The images don't correlate to the x-axis perfectly.
I don't think it's a good idea. Will confuse a lot of people, who stumble on this graph by chance. I'd certainly make examples more emphasized to illustrate the point behind this. Eastward and Superbrothers are both very much traditional pixel games, despite having non-pixel effects and lightning on top. Dan Fessler's squirrel mockup is a classic example as well, and should be somewhere in the middle I think. By the way, where does this sample with red mountains and blue forest comes from?
While I was much more of a purist before, now I'm leaning on "whatever makes you tick", which corresponds to broad definition by this chart. I'm still relying on good ol'
"caring about individual pixels" definition. Also palette conservation, but in my book "caring" does include this as well. Opinions on border of these will differ from person to person.
On the
left side my prime example is Slain! Personally I don't consider it pixel art, though quiet expectedly many will. It's digital art made with hard brushes, so it heavily resembles pixel art. Some sprites are pre-rendered low-poly models. Don't get me wrong, it looks cool.
Index painting would certainly be on the far
right side, borderline with digital painting. The real difference is palette conservation, though this border is blurred. How many colors are too many?
Many of modern point-n-click adventures have pixel sprites and low-fi non-pixel backgrounds, that I'll probably put outside borderline definition. But they look pixelated and
blurry rather than pixelated and
noisy, so I'm not sure about them. Guess they are closer to digital art on the
right side?
Most of pixel graphics are made for game projects. I think it's not the purist definition that matter in this case, but rather question "why pixel art?"
Cheap could be a perfectly reasonable answer, nothing wrong with that.

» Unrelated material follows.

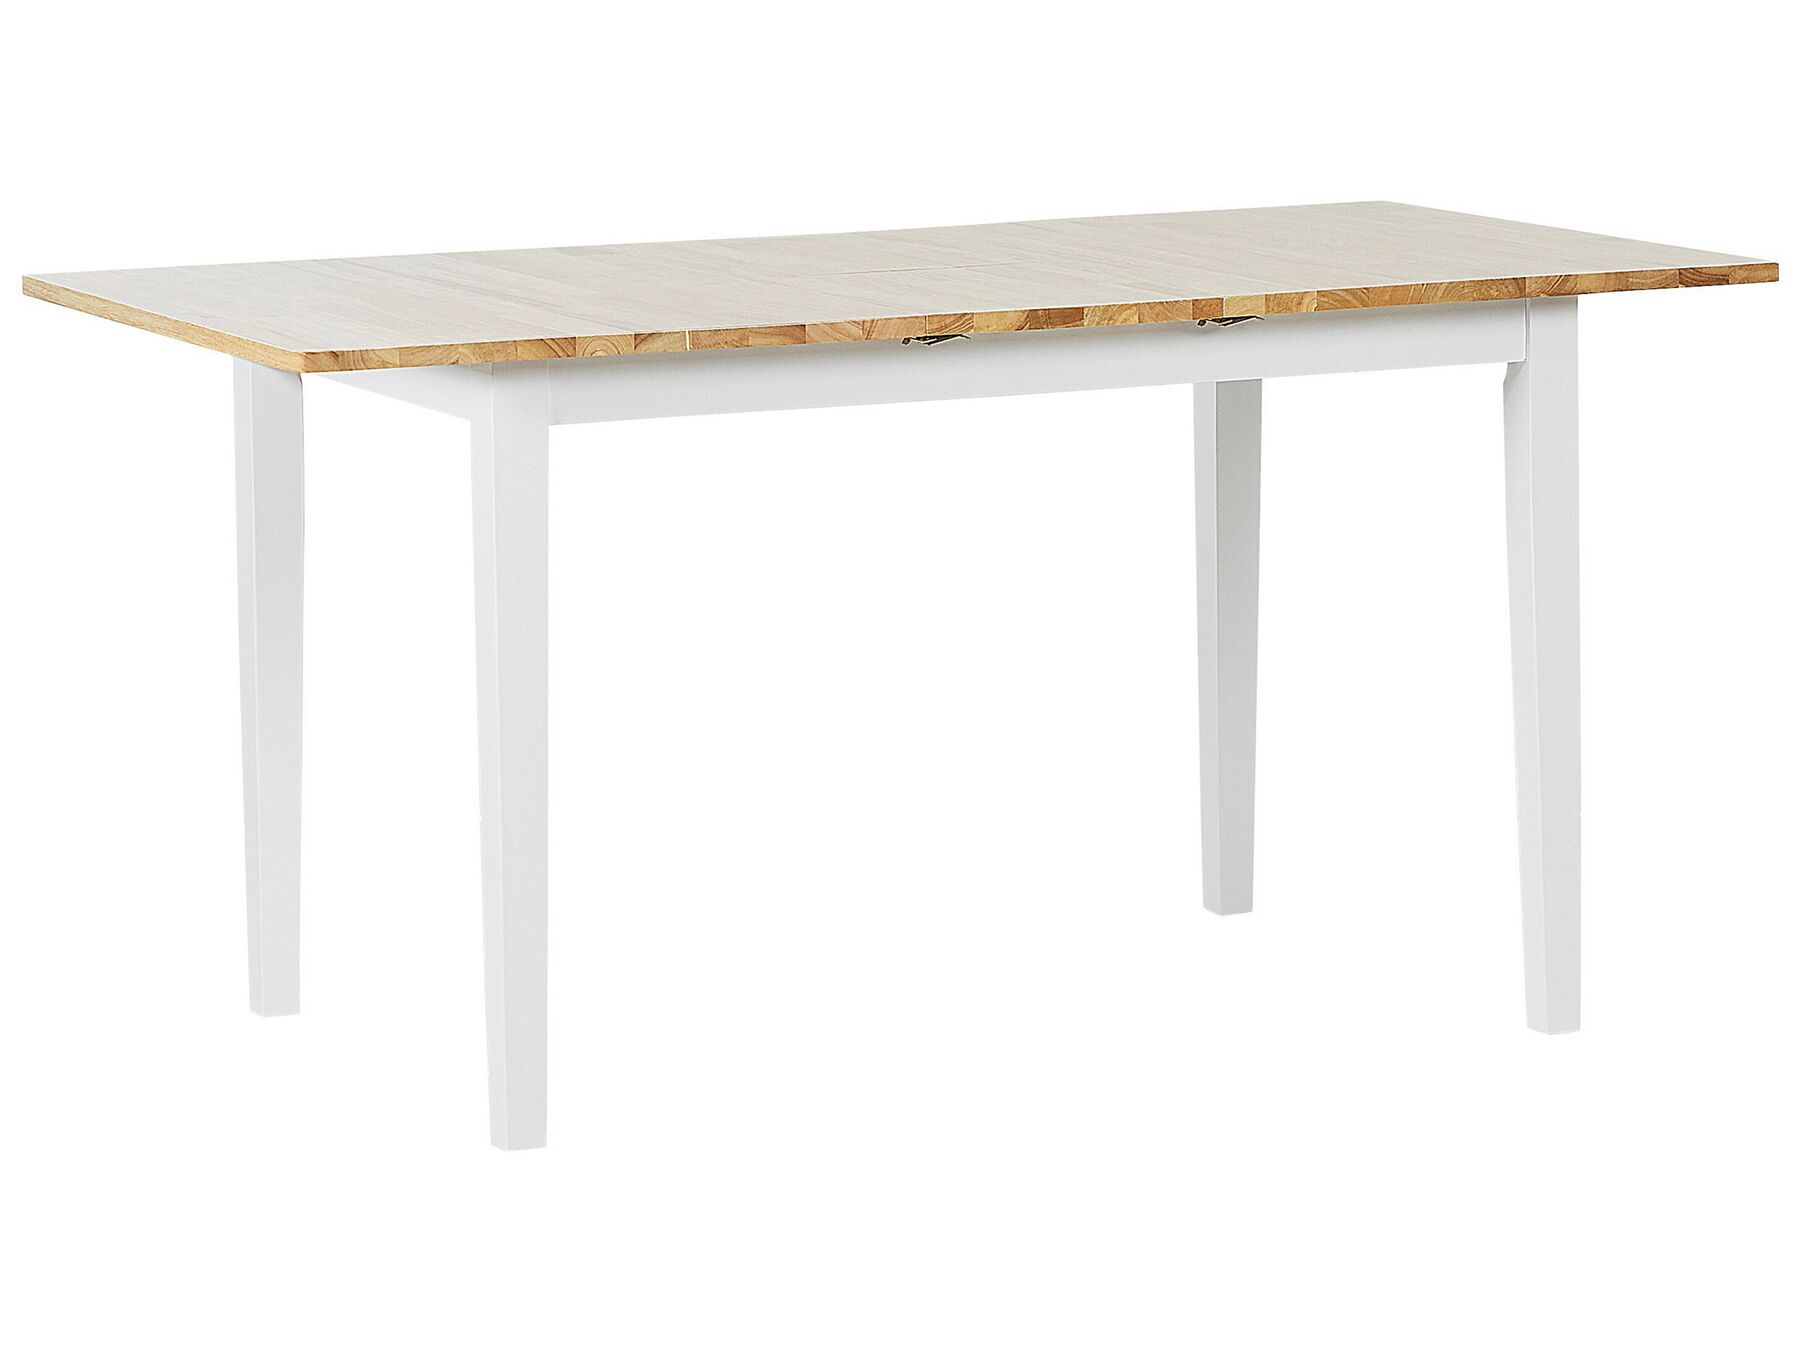 Extending Dining Table 120/150 cm Light Natural Wood Top White Legs Houston

Nostalgia is also fine. But for me it would be
crispness or
sharpness. Good palette and color conservation make image pleasant to look at. While crispness not only makes everything very readable, but can also have noticable effect on gameplay, especially in action games. That's why I tend to dislike games that look very muddy and use many shades of grey, but very much attracted to any Nitrome games, since they all look super sharp and perfectly readable, even when scaling and rotating sprites. That's what attracts me to pixel-based games, and in my eyes is one of the main strengths of the medium. Making muddy pixels can convey a certain dirty effect, but I'm not a fan.